What kind of roles are most in demand?
It’s hard to say because every family office is a reflection of the individual office. So maybe one family values the CIO role, one family values the CFO role, and one values the kind of integrator role of the COO.
Are there lessons you could share for other professionals dealing with family offices in terms of how they operate, succession issues, philanthropy?

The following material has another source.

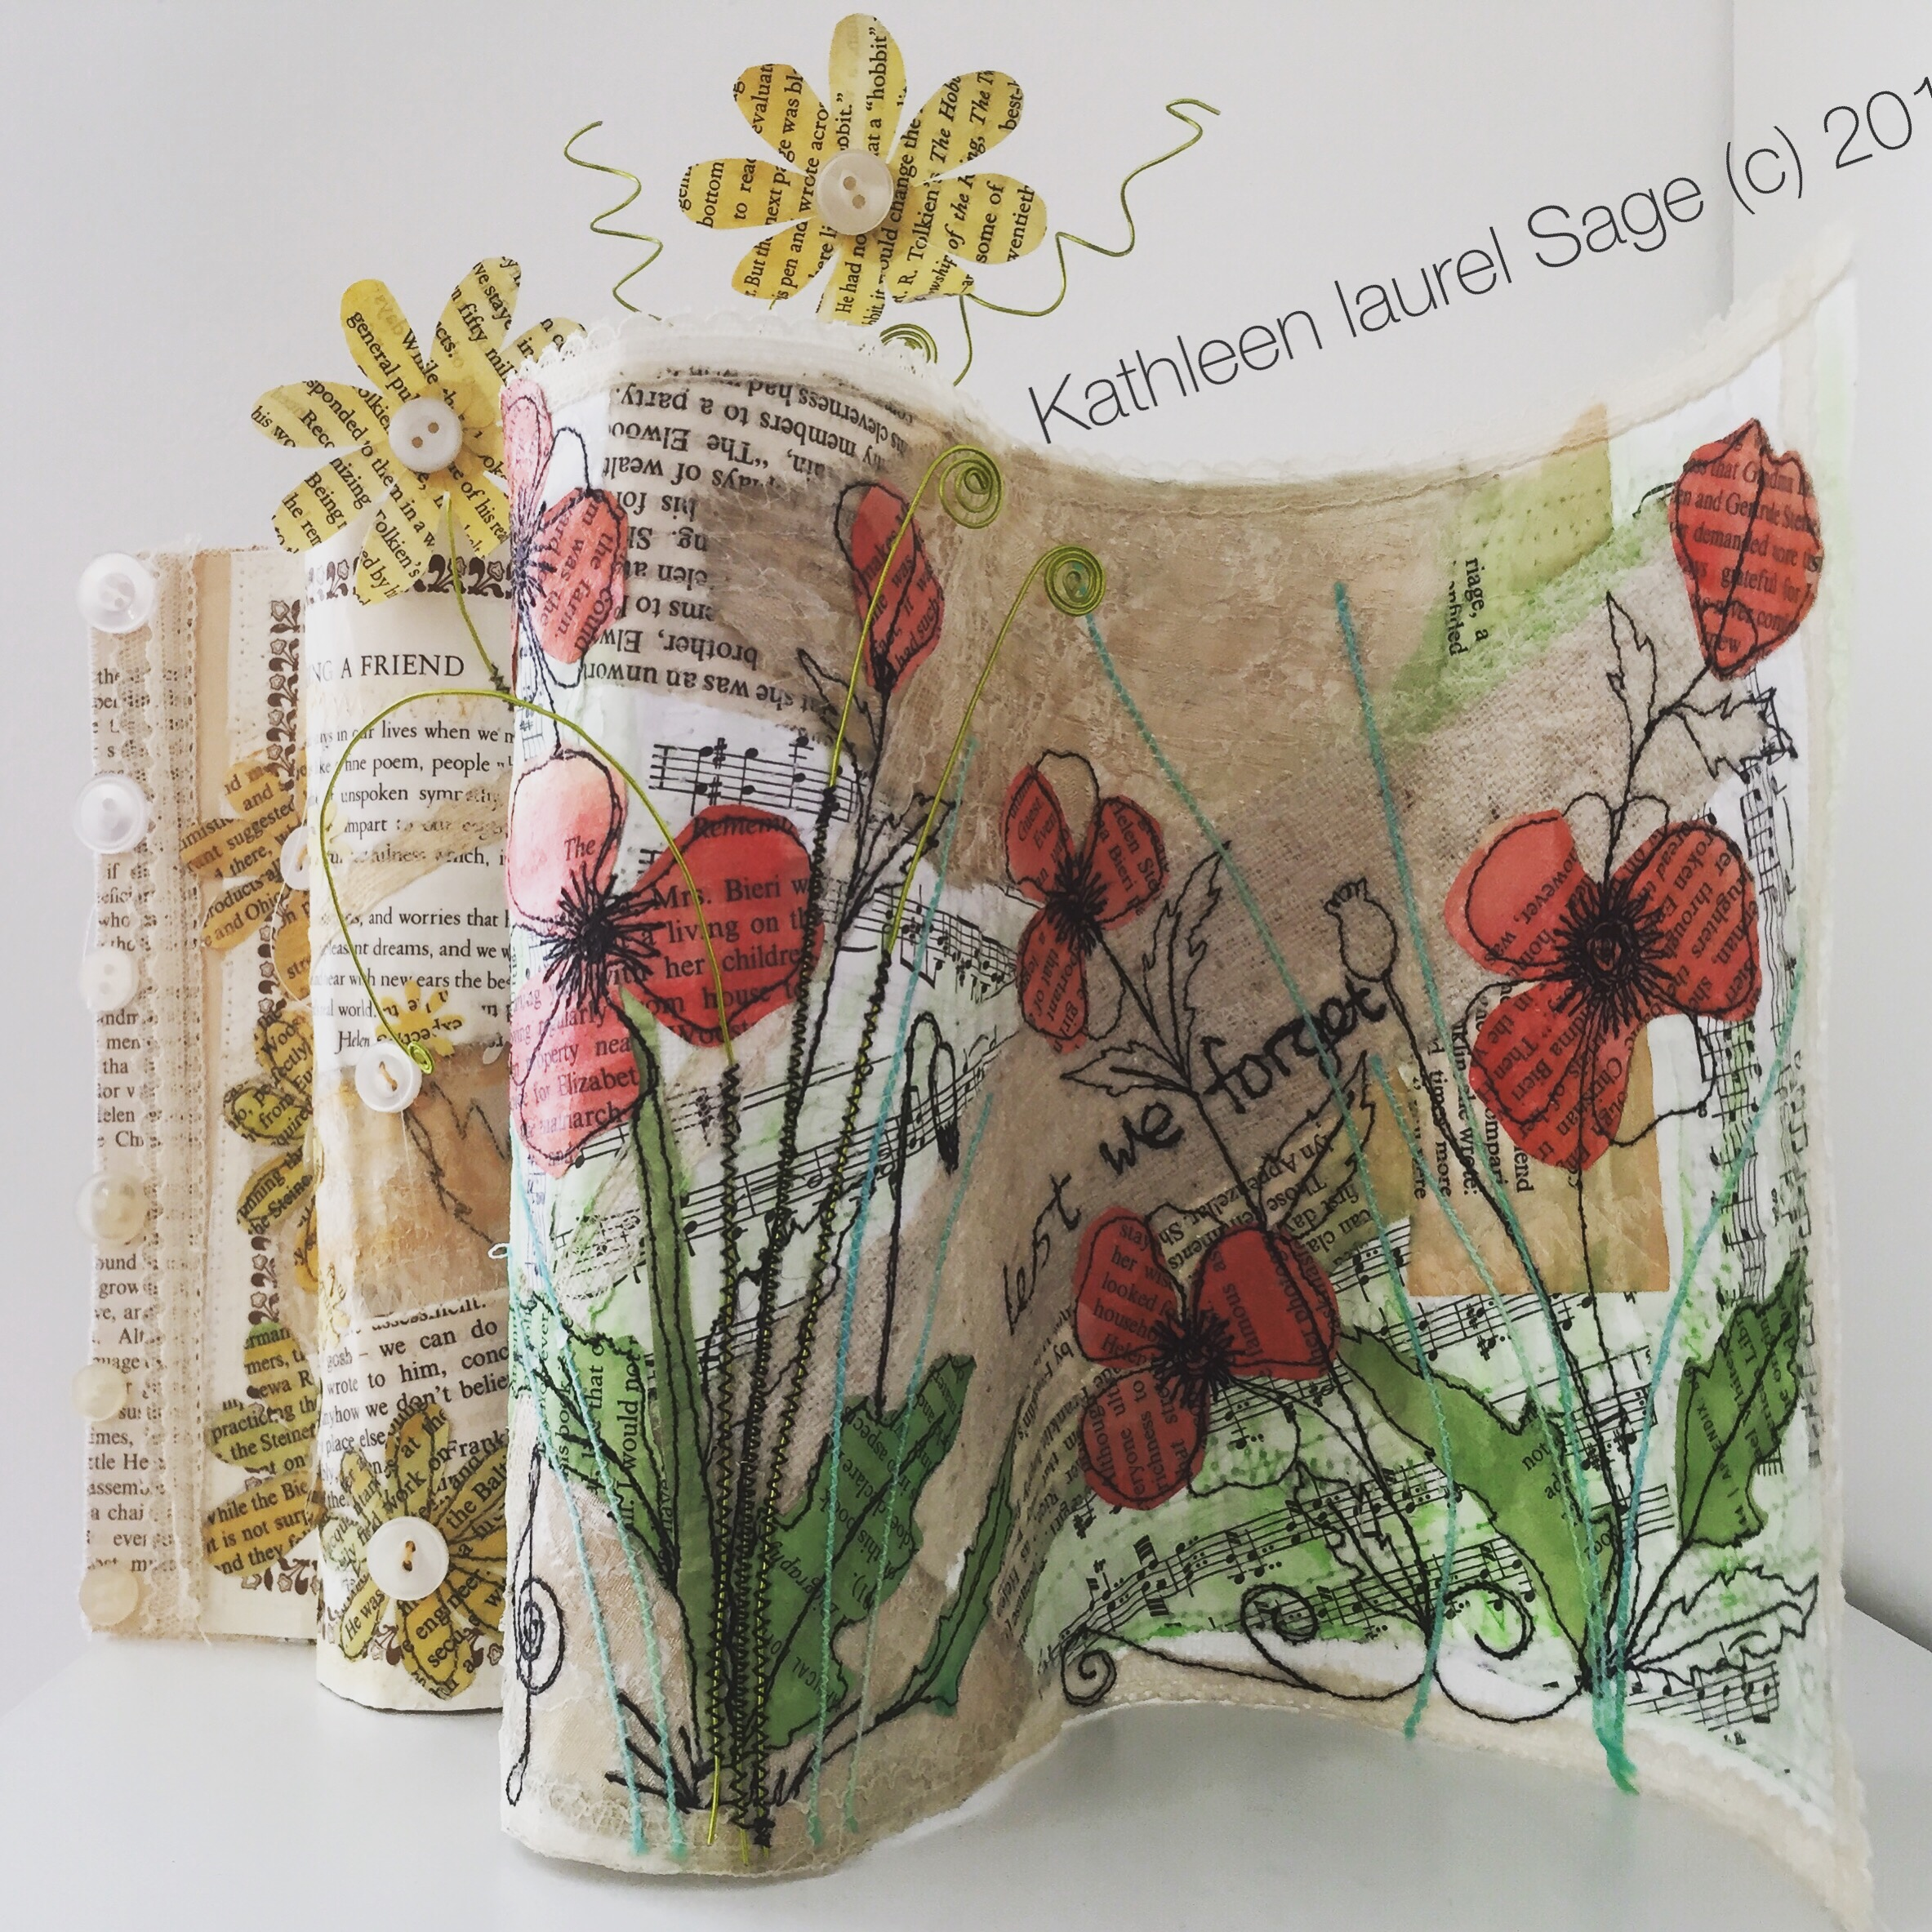 Embroidered Scrolls with Kathleen Laurel Sage

This notion that if you’ve seen one family office, you’ve seen one family office — I don’t believe it, because otherwise, you couldn’t study or learn anything about them. When you work with families — family businesses, family offices — you start to see patterns of what successful families do. They focus on strategies and how things get done instead of constant firefighting. That’s challenging. But at the end of the day, people have to realize that family offices are a reflection of the principal, a reflection of the wealth holders and the family. And that can be a challenge for people who come out of a very large company or investment firm and have different experiences there.
Do you see any major regulatory changes coming over the next year?
Less on the single-family-office side. The regulators are looking at a number of issues. One of them is off-channel communications [business-related texts on personal devices and numbers]. But I can’t think of something else right now that would be similar to the concerns [over new rules and regulations] that people had a year and a half ago.